Le passage dans la boîte de nuit intervient : c’est E qui en parle soudain. Nous sommes attablés et elle jaillit. E n’a pas trop aimé le film. Il s’est ennuyé. On l’a su, par les coups d’œil jetés sur l’écran du téléphone, comme un éclair qui pouvait illuminer son visage. Mais il y a cette scène. Elle est belle, belle comme, je crois, toutes les scènes de films dans les boîtes de nuit. Comme dans Domaine, surtout, ça y est on y revient à ce film, Dalle, il n’y a que Dalle (rires) et mon souvenir est fugace : il me reste une sensation. Comme tant de mes souvenirs. Que me rappelé-je, toujours ? Comme pour les films d’Ozon, que me rappelé-je précisément pour vous dire alors qu’il y a toujours ce truc, un peu inquiétant, ce basculement attendu ou probable, oui c’est peut-être ça, ce sentiment que ça va basculer, que ça peut, mais cette fois, c’est dit. Dès le début, alors on attend. On attend comme dans ce Chabrol dont je cherche le nom, je ne le dis pas. Souvent j’aurais tant à dire, mais ça reste là, ça ne sort pas. Ça vient après, ici, ça s’écrit.

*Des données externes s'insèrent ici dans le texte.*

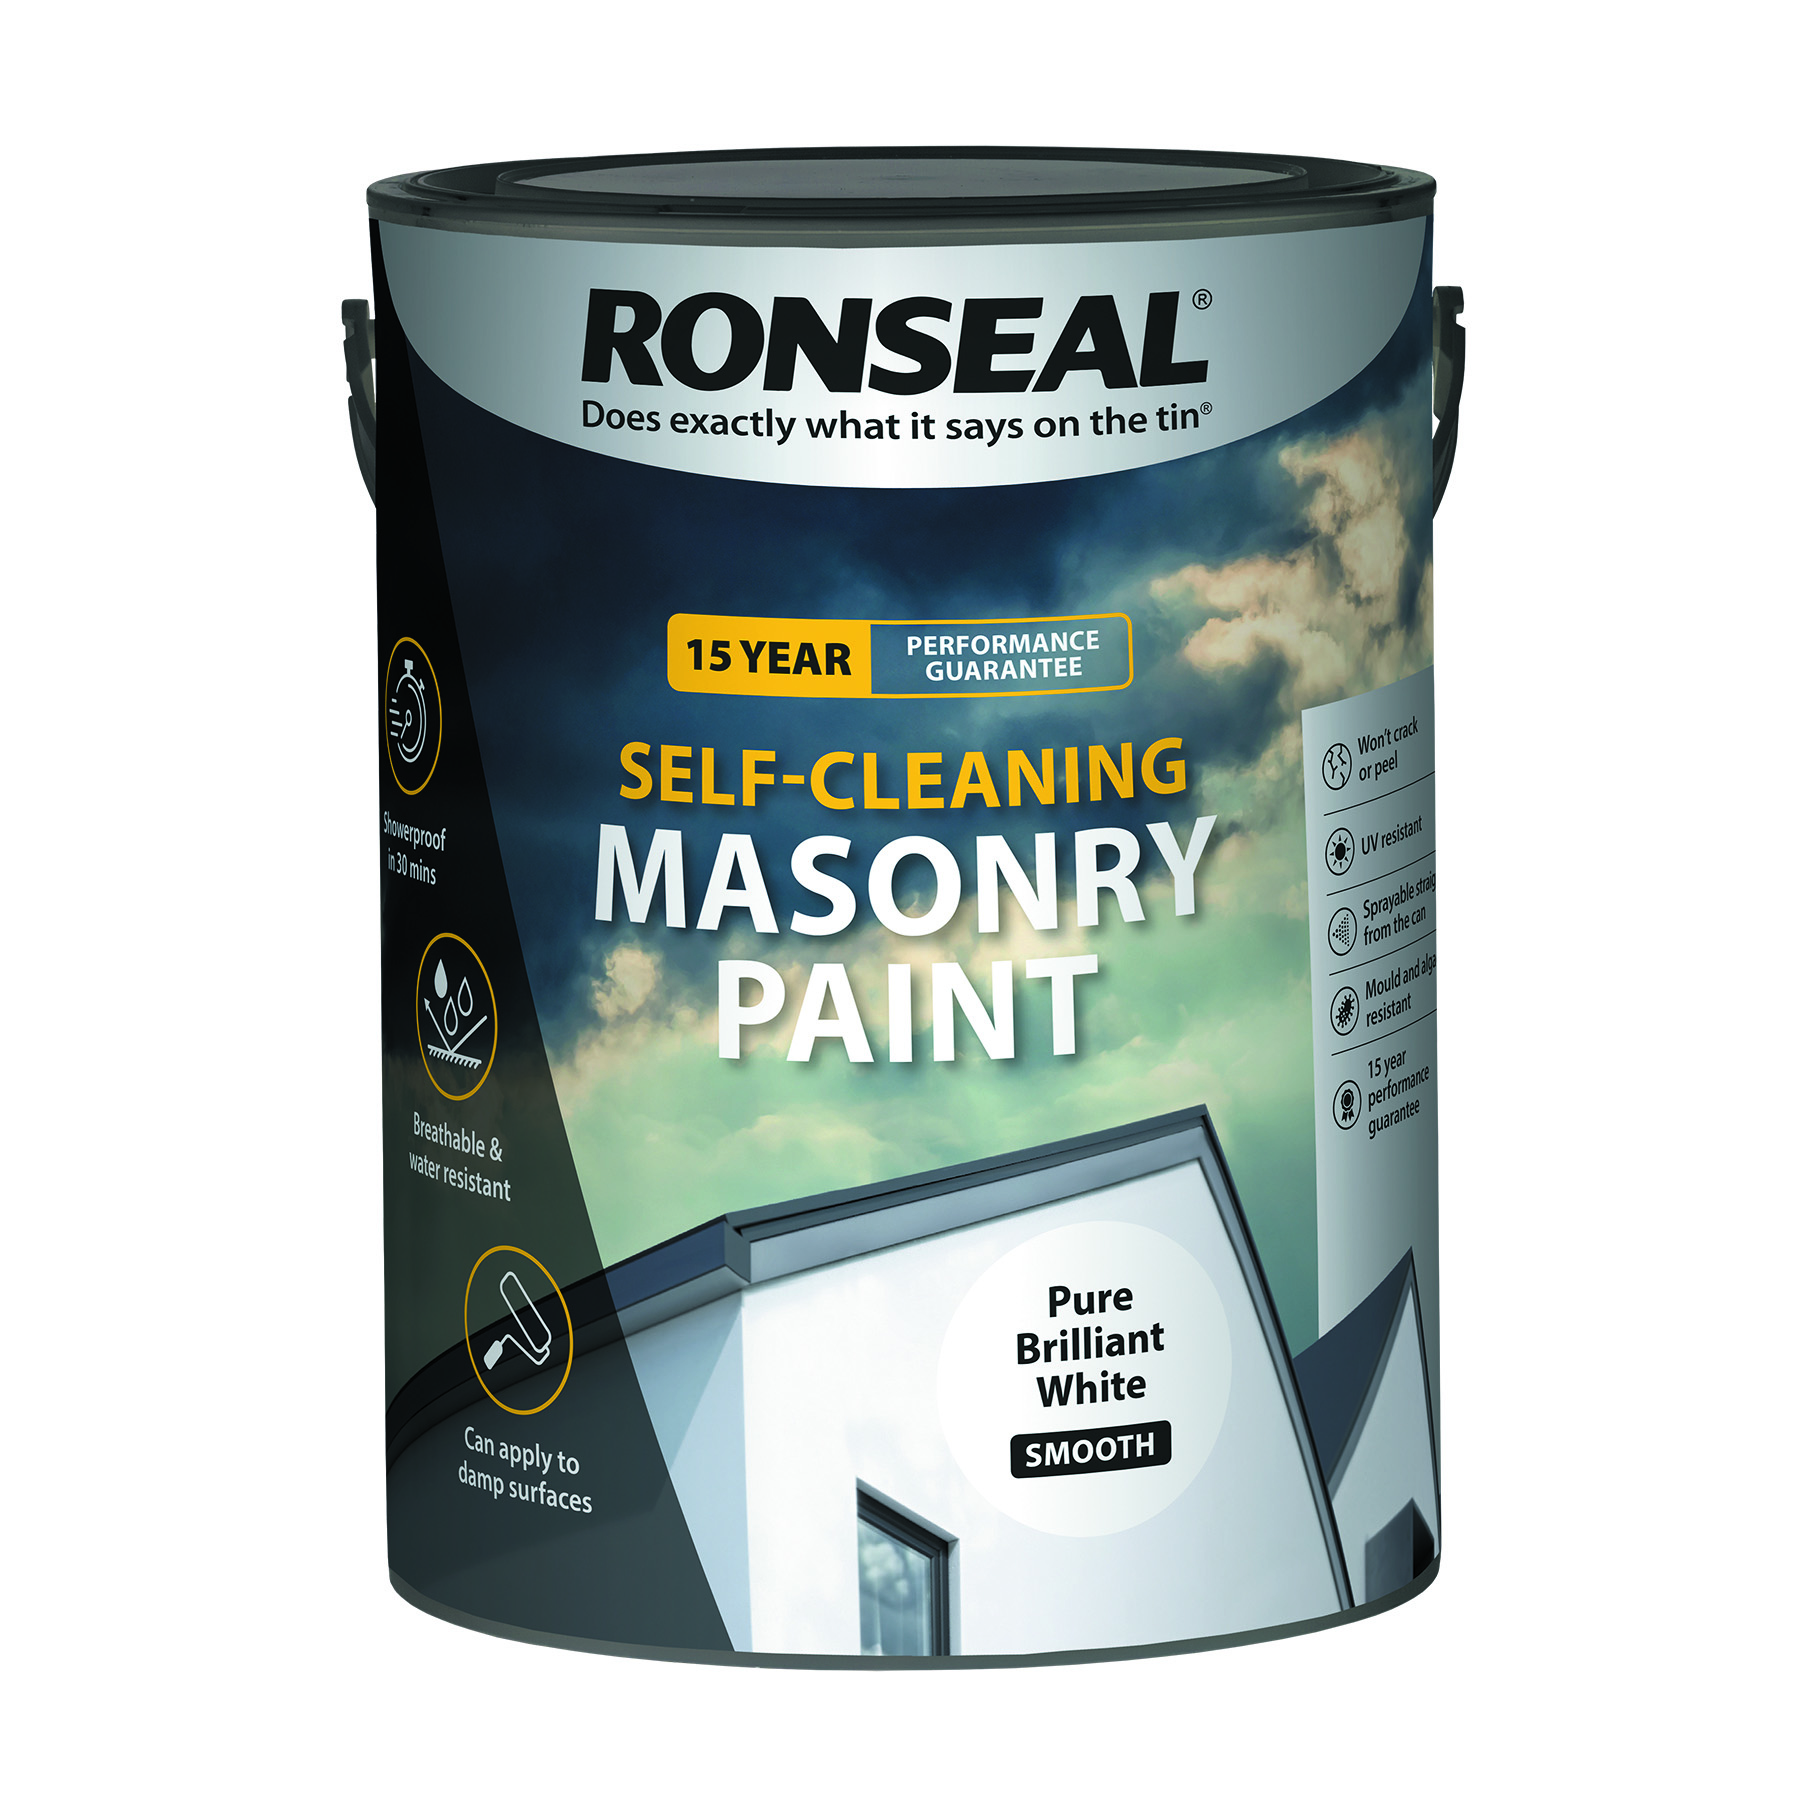 Ronseal Self-cleaning Masonry Paint - Pure Brilliant White - 5l

Donc, voilà, je ne vais pas plus loin lorsque je vous dis qu’il y a toujours ce truc chez Ozon, parce que soudain ma mémoire bloque. Quels films ? Je ne sais plus. Comme souvent, je n’ai que le souvenir vague d’une émotion, ici d’un cumul qui sort je ne sais d’où. Tout le reste a disparu. C’est peut-être ce qui fait de moi quelqu’un d’émotif : il n’y a que cela qui reste. En vérifiant plus tard, je saurai que, dans tous les films que j’ai vus de lui, il y a ce truc, ce truc qui va un peu ailleurs, dans une présence, dans un rat géant, dans un inattendu.
Mais donc il y a la boîte de nuit. La scène superpose une foule joyeuse et un slow de mes onze ans, where he says he is sailing sur des eaux orageuses pour être près de toi, pour être libre. Les chansons anglophones de ma jeunesse sont sans paroles, c’est-à-dire sans le sens de leurs paroles ; la musique l’emportait. Cette chanson est comme les autres, plus que les autres sous l’indifférence. Il y avait peut-être chez moi, déjà, un peu de snobisme à ne pas vouloir aimer les chanteurs à brosse. Il y avait peut-être rien d’autre qu’un air qui ne m’accrochait pas. Pourtant samedi je la susurrerai, la fenêtre ouverte.
Mais donc il y a la boîte de nuit. Peut-être parce que nous ne dansons plus.